Hayat boyu çeşitli durumlarda, olaylarda yol alırken önümüze ne çok seçenek çıkar. Kararlarımız kişiseldir. Ama çevremizde bu kararı etkileyen pek çok insan, pek çok farklı durum olabilir. Kararlarımızda bazen yıllar ötesinden bilinçaltı birikimlerimiz etkilidir. Bazen zevklerimiz, sevdiklerimiz, alışkanlıklarımız, yılların getirisi-götürüsü, çocukluk-gençlik hayallerimiz, hayal kırıklıklarımız... Hepsi tercihlerimizi şekillendiren etkenler... Hayatımızda karar vermemiz gereken, seçim yapmamız istenen ne çok şey var.
Pek çok konuda tercih yaparken ölçümüz ne, neye göre tercih yapıyoruz diye düşündüğümüzde;İnsanız, hiçbirimiz bir diğerine tıpatıp benzemiyoruz. Yaş, cinsiyet, öğrenim durumu, sosyal çevre, ekonomik durum, hepsi tercihlerimizi etkiliyor. Bazen çeşitli baskılar nedeniyle sağlıklı tercih yapamayan veya kendi kişisel tercihinden haberdar olamayan bireylerimiz de var. Doğru kararlar insanı mutlu ederken, yanlış kararlar da mutsuz edebiliyor. İş seçimi, eş seçimi, okul seçimi, meslek seçimi, bir insanın hayatının yönünü değiştirebiliyor. Ev seçimi, giysi seçimi, renk seçimi, yemek seçimi gibi daha küçük kararlar zaman zaman değişebiliyor.
Toplumda pek çok farklı konuda, farklı kişilik yapısındaki insanlarda çok farklı tercihler sergilenmesi de doğal: Kimisi bir otoriteye karşı doğru bildiğini uygun biçimde savunur. Ama kimisi de hep "evet efendim" der. İçinden isyan etse bile susar. Çıkar ilişkileri cevap vermesine engeldir. Kimisi çok kişiyle arkadaş olup, samimi olmayı tercih eder. Bazıları da daha az ama güvenilir dostu olsun ister. Kimisi dostlarını tercih ederken sır tutmasına özen gösterir.Dürüst olması, yalan söylememesi önemlidir. Kimisi de özellikle dedikodu yapacak bir arkadaş arar.Uzun zamanlı düşünmez, günü değerlendirir.Bir insanı tanımak, büyük ölçüde onun tercihlerini, seçimlerini bilmekle de ilgili olabilir. Örneğin renk tercihleri de kişiliğin bir göstergesi olabilir; pastel renkler veya parlak renkler... Mavi ya da kırmızı, turuncu veya yeşil, beyaz ya da sarı...

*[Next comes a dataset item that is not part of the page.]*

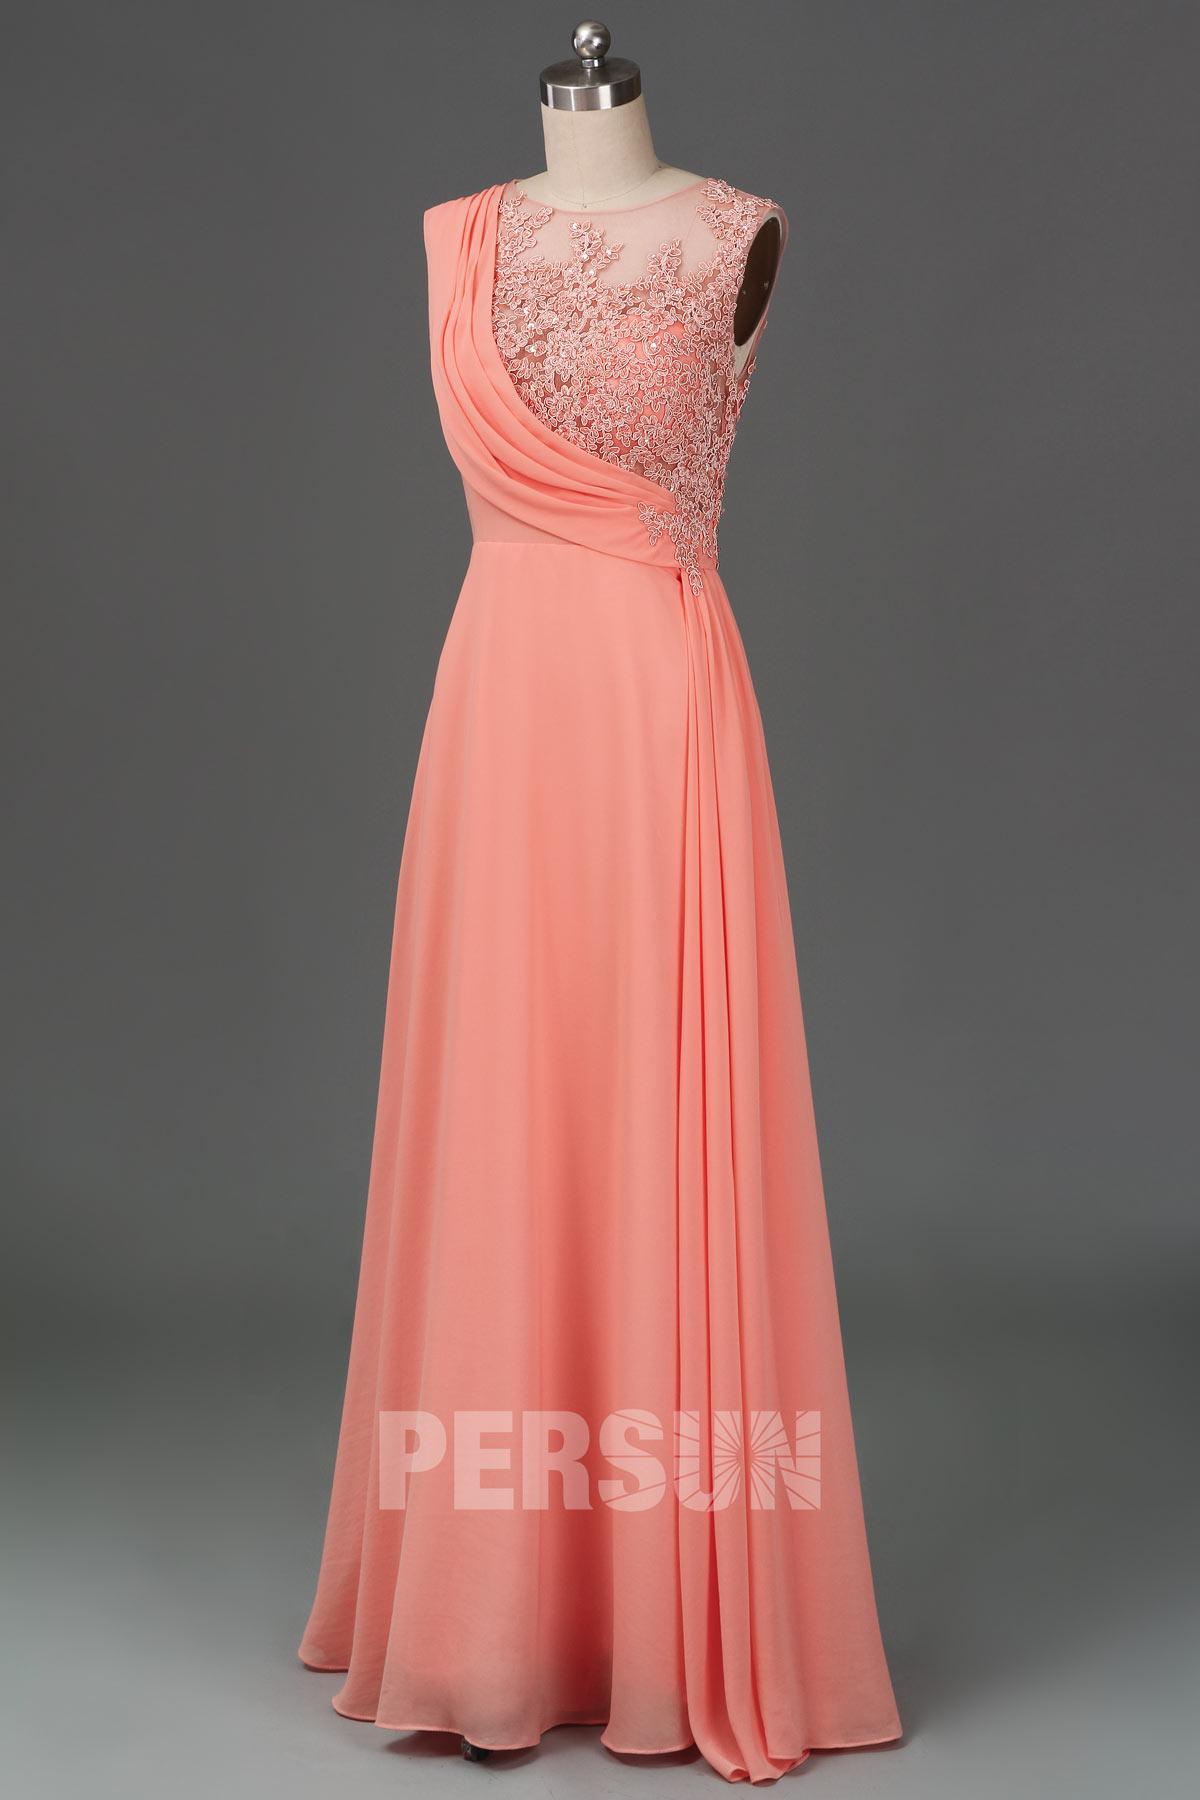 Robe de gala longue couleur cerise classe haut appliqué

Bazı değerler kimimiz için çok önemlidir; Onur, namus, saygınlık, vicdan, merhamet. Bazıları için de bunlar ikinci hatta üçüncü dereceden değerler arasında sıralanır. Maddiyat, para, konfor, güç ve çıkarlar daha önde gelir. Kısa zamanlı, geçici mutluluklar bazılarını mutlu ederken, kimimiz de uzun zamanlı sağlam beraberlikler arıyoruz. Herkesin tercihi kendince geçerli elbette. Tercihlerimiz alışkanlıklarımıza dönüşebiliyor. Tercihlerimiz vazgeçilmez saplantılarımızın göstergesi olabiliyor. İlgilerimiz, dinlenme-eğlenme tarzlarımız hep tercihlerimizle bağlantılı. Kimimiz kitap okumaktan zevk alırken, kimimiz sinemada olmayı hayal edebilir, bir diğeri müzikli bir ortam arar.

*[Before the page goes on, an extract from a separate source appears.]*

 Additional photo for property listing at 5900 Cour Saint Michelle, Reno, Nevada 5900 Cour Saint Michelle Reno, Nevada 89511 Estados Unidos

Dört mevsimden biri bizim için daha yaşanabilir gelir, ama tüm mevsimlerde de güzel bir taraf bulabiliriz. Zıtlıklar içinde de hayatı yaşanabilir kılmak, mutlu olmak mümkün. Tüm tercihlerimizde kendi seçimimizi yapmak ancak başkalarını tedirgin etmeyecek biçimde tercihlerimizi geçerli kılmak... Kendi alanımızı belirtmek , bir başkasının alanına müdahale etmemek.Uygarlığın ve demokrasinin kıstaslarından biri de bu değil midir?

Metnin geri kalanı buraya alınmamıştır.